Soaring energy prices and skewed trade balances of major countries can have unsettling consequences for India.

India is currently going through the twin boom — of stock and commodity markets. Though rare, the phenomenon is known to occur when an economy is in expansionary phase. Even as the booming markets spell euphoria for a large number of stakeholders, there is need for caution, as highlighted first by the Finance Minister and then by the Prime Minister recently. Global imbalances caused by soaring energy prices and skewed trade balances of major countries can have an unsettling effect on the global economy and decelerate growth worldwide. India cannot escape the consequences. With the gradual integration of the domestic market with the world global market, the country is no more insulated from outside influences.
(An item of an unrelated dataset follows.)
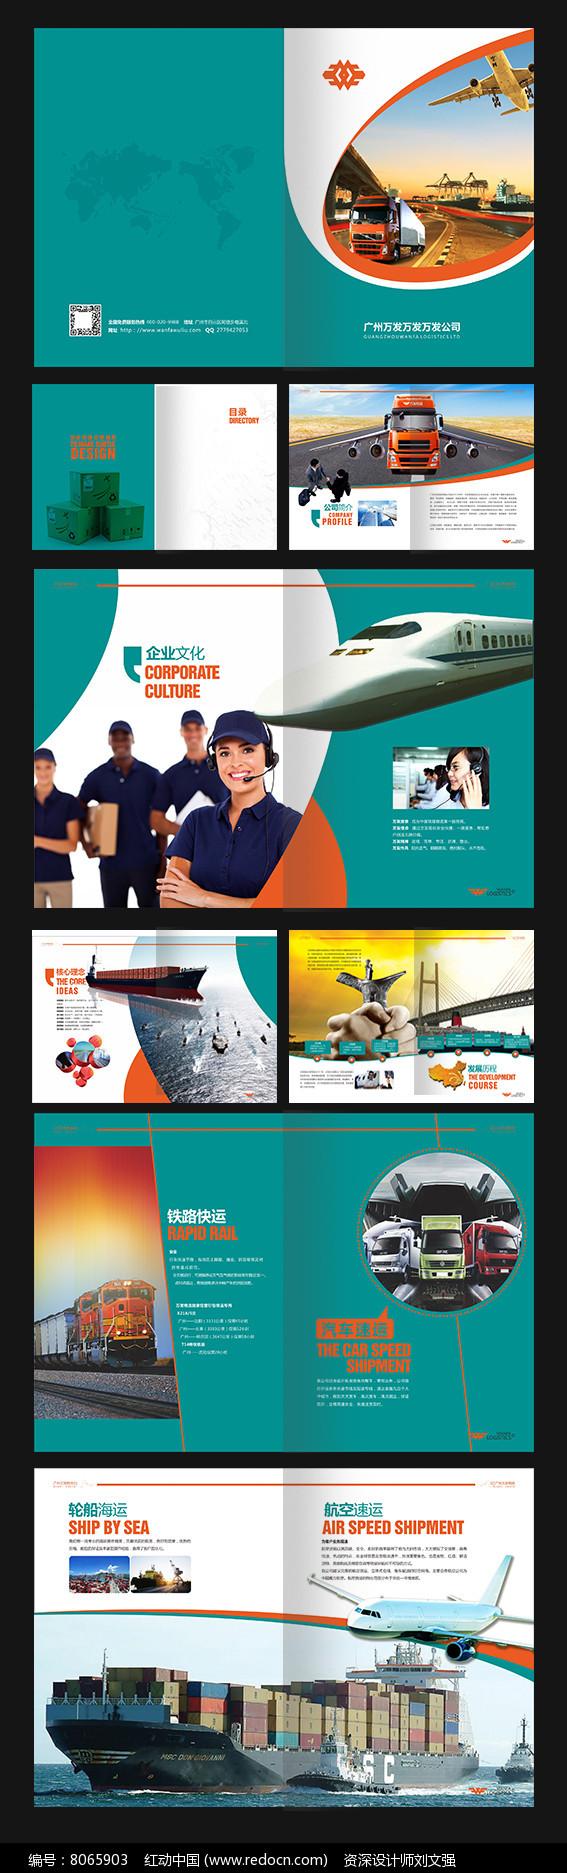 高端大气企业画册图片

Currently, not just domestic but international factors also affect prices. Much of the inflation is actually `imported'; internally, it is under reasonable control. Rising dependence on commodity imports at higher prices, primarily of crude, and increasingly of several others, including food products, will sooner rather than later get reflected in prices. Whether energy products, base metals, industrial goods or even agricultural commodities, markets around the world are spiking at a pace not seen in recent years. The commodity boom is clearly a combination of sharp demand expansion and continuing supply constraints, on the one hand, and the huge flow of speculative funds, on the other. A downside risk is inherent in such markets. How long the boom will last and what impact the continuing high commodity prices will have on the world's major economies are tough to predict. But the Indian economy is more vulnerable to domestic imbalances than global ones. The latter are likely to affect India less severely than internal imbalances themselves mainly because India is still not as export-driven as many other economies. It is, therefore, crucial that policymakers address issues that can cause or accelerate domestic imbalances.

Two vulnerable areas need urgent attention: Infrastructure development and drought-proofing the economy. Both need huge investments. The Government will have to design investor-friendly growth-oriented policies with a long-term perspective to attract large funds for infrastructure development so as to infuse the manufacturing sector with competitiveness. Public-Private Partnership is a way forward, but is stymied by lack of conceptual clarity and policy ambivalence. As for drought-proofing the economy, there is no alternative to strengthening agriculture. It would be naïve to believe that imports can meet domestic food shortages. Imports are a facile option and should be used as a short-term measure. Needed are policies that generate employment and thereby incomes in the rural areas. Two successive seasons of drought and crude prices at $100 a barrel can stop the soaring Sensex in its tracks and pull it down to four digits.